Hi everyone, I know I have seen several posts about this same issue but I guess I just want to vent and get some feedback...
I am 22 and have been on birth control for 6 years and I really believe it is the cause of my low sex drive. I truly love my FI, I am attracted to him, and once we start having sex I enjoy it. However, I just can't seem to get myself to initiate it. Which is obviously a problem.
My FI brought the subject up last night and we talked about. He basically expressed that he feels if he doesn't try/ask for sex, he won't get it. He doesn't feel like I am attracted to him and he doesn't feel like I want him. I tried to explain that I think it is the birth control and it has nothing to do with him but he didn't really seem to buy that. He wants me to be the one to initiate it and show him that I want it. And I will admit, I haven't been.
We have sex often, usually once a day (sometimes we skip a day). So it's not the quantity it's the quality. I don't know why but sometimes I feel like sex is a hassle. I know that sounds horrible. But we don't use condoms so every time we have sex I end up having to run to the bathroom and I still end up with everything all over my underwear. Therefore if we have sex and then want to go out to the store or mall, I'm worried that I'm gonna have a nice big wet spot on my pants. And because we don't use condoms, sometimes there isn't enough lubrication I usually end up sore after. Sometimes I just don't feel like dealing with any of that hence I don't feel like having sex.

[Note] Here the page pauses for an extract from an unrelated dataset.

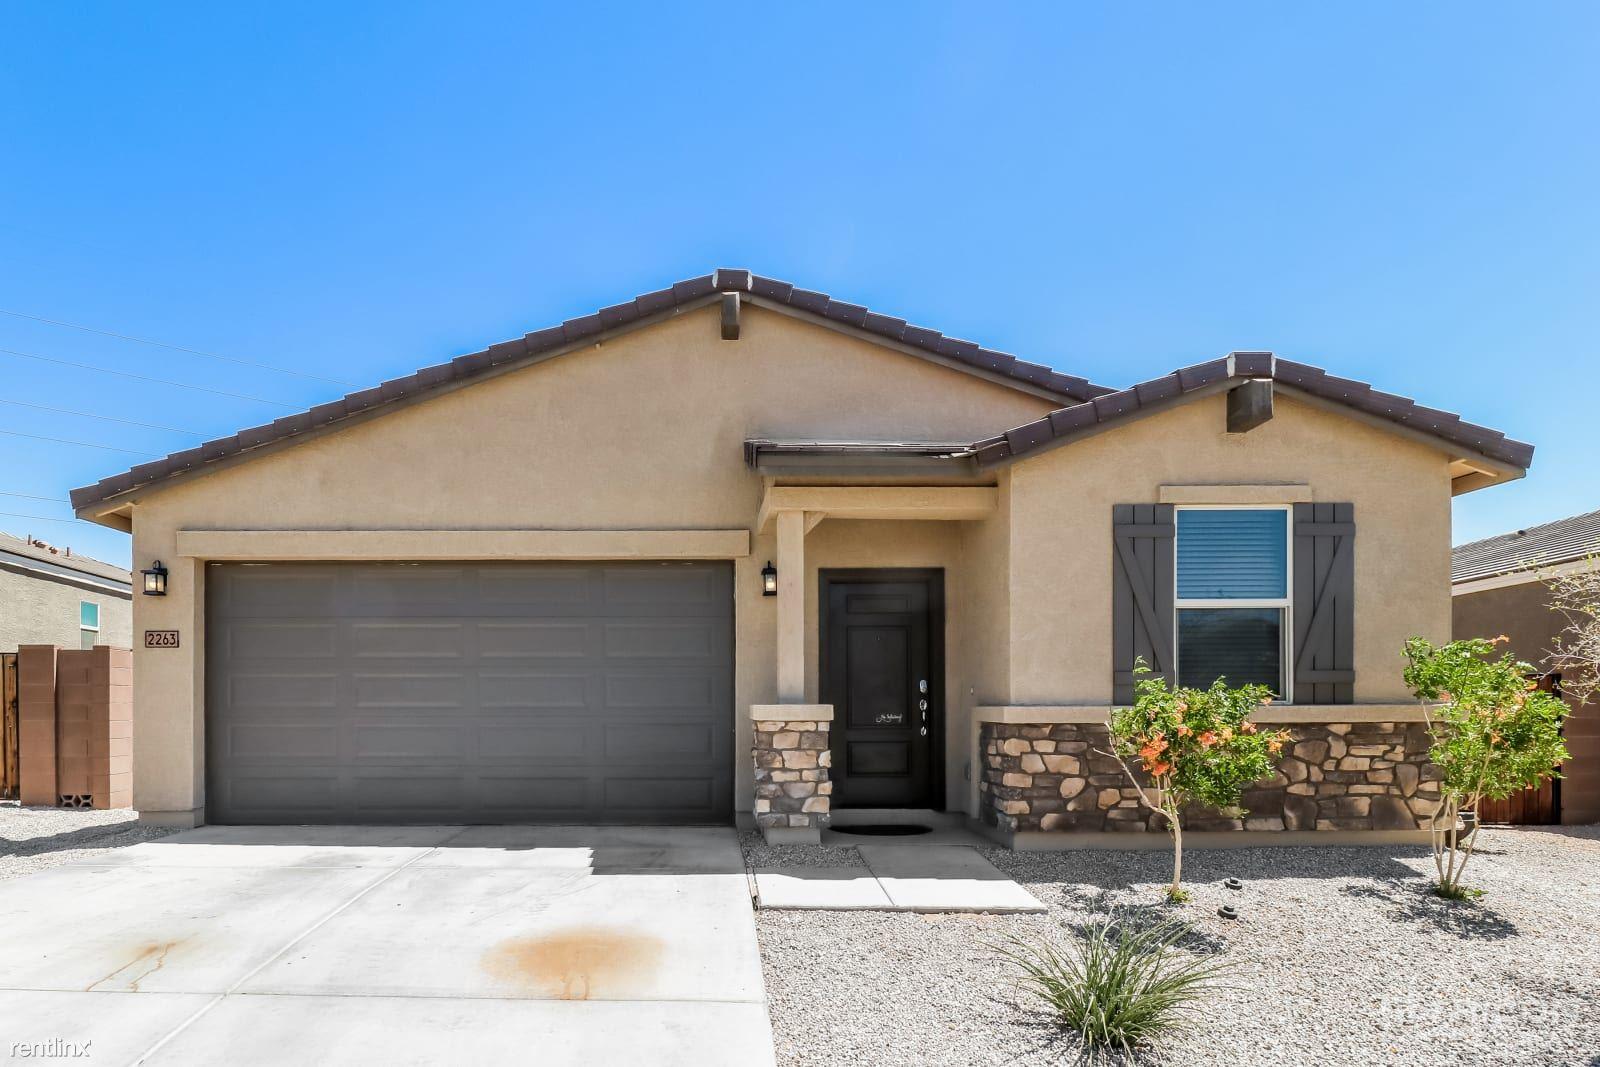 2263 S 236th Drive, Buckeye, AZ - 1,950 USD/ month

I don't really know what I'm looking for. I know I need to make some changes and start showing my FI that I want him. I know if the tables were turned I would feel horrible. I guess I just want some feedback or words of wisdom. Thanks for reading, it got kind of long.
Re: Low Sex Drive...A lil' TMI
Good luck!
I'm not a regular poster on this board but I noticed a few things I woud like to comment on in this post.

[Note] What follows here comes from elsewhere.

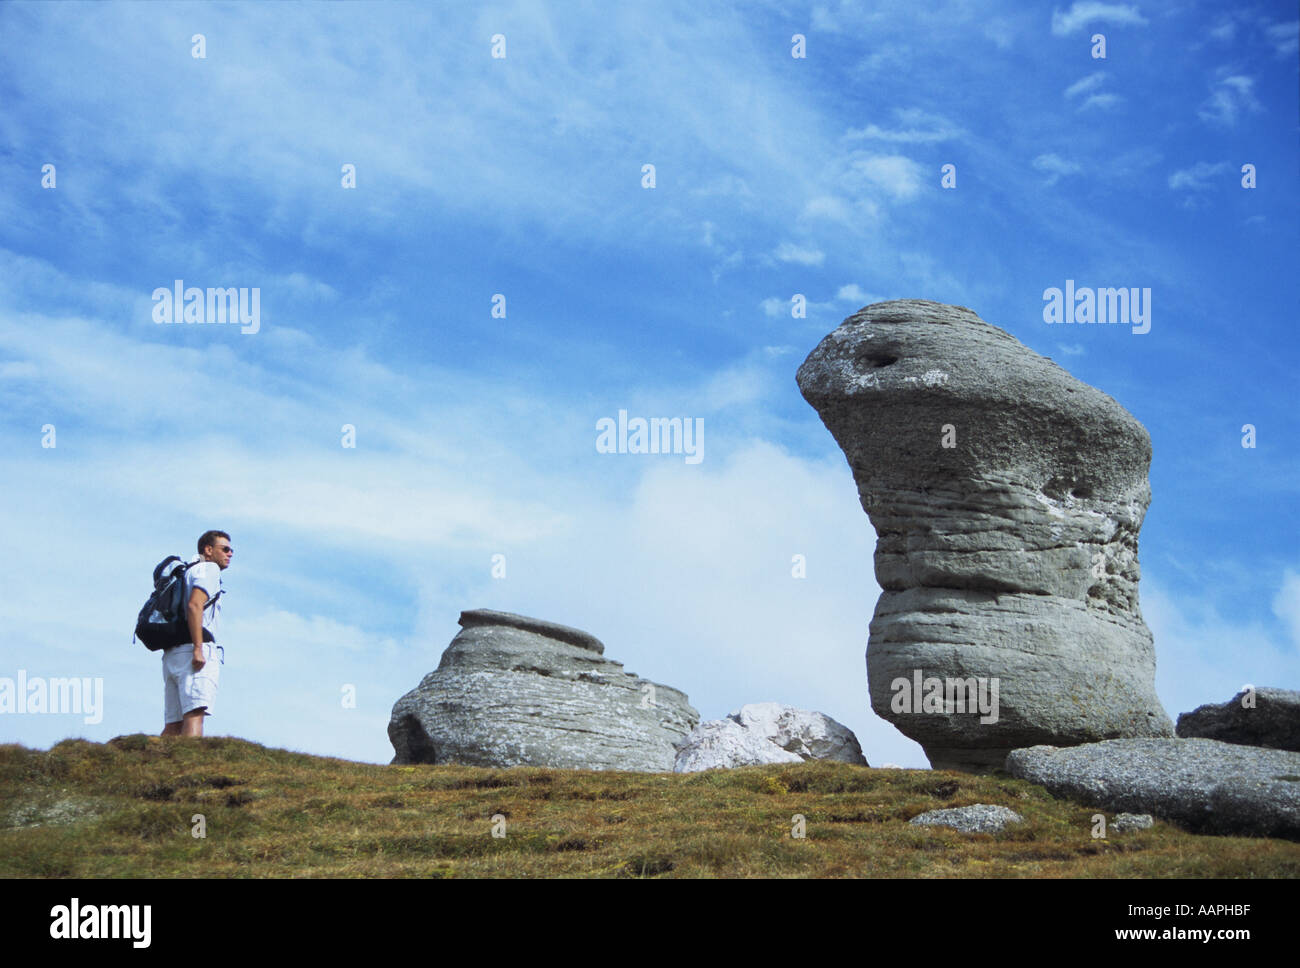 Walking amongst rock formations in the Bucegi mountains Romania Stock Photo

1 - Low sex drive may be attributable to your BC pills, but you also may not be a "sex every day" kind of person. And that doesn't mean that you don't have a healthy sex drive. Most of the people who come on here complaining are having sex once every two weeks or less. I think the fact that your FI is initiating sex every day may be what is causing your sex drive to drop. There are also a couple other factors here.
2 - For the love of all that is holy use lube. I like water based ones since they are easier to clean up. If you are not sore then you will feel more in the mood. No one likes chafing.
3 - With respect to the clean up problem: Our personal solution is that we have bought some beach towels and hand towels devoted to "dirty sexy times". We have sex on the beach towels so as not to have to change the sheets after sex and I use the hand towels and my kegel muscles to get as much of the mess out as possible. Yes, you will have to run to the bathroom. It's best if you go pee directly after sex anyhow since it prevents UTIs and helps get everything out. If we have sex in the morning and I can't take a shower before going out and about I'll give myself a little sponge bath and then I'll wear a personal liner (not a pad) for the beginning of the day. You'll find ways to deal that don't bother you.
4 - Once you feel more comfortable with sex (no chafing and have clean up under control) you can revisit the issues with your sex drive. Have an honest conversation with your FI about how you are feeling and then you two can develop a game plan about what to do to address the issue. Does he have to have sex every day? How many days can you go without sex? Talk to your doctor about other birth control issues if you feel that your pill may be affecting you.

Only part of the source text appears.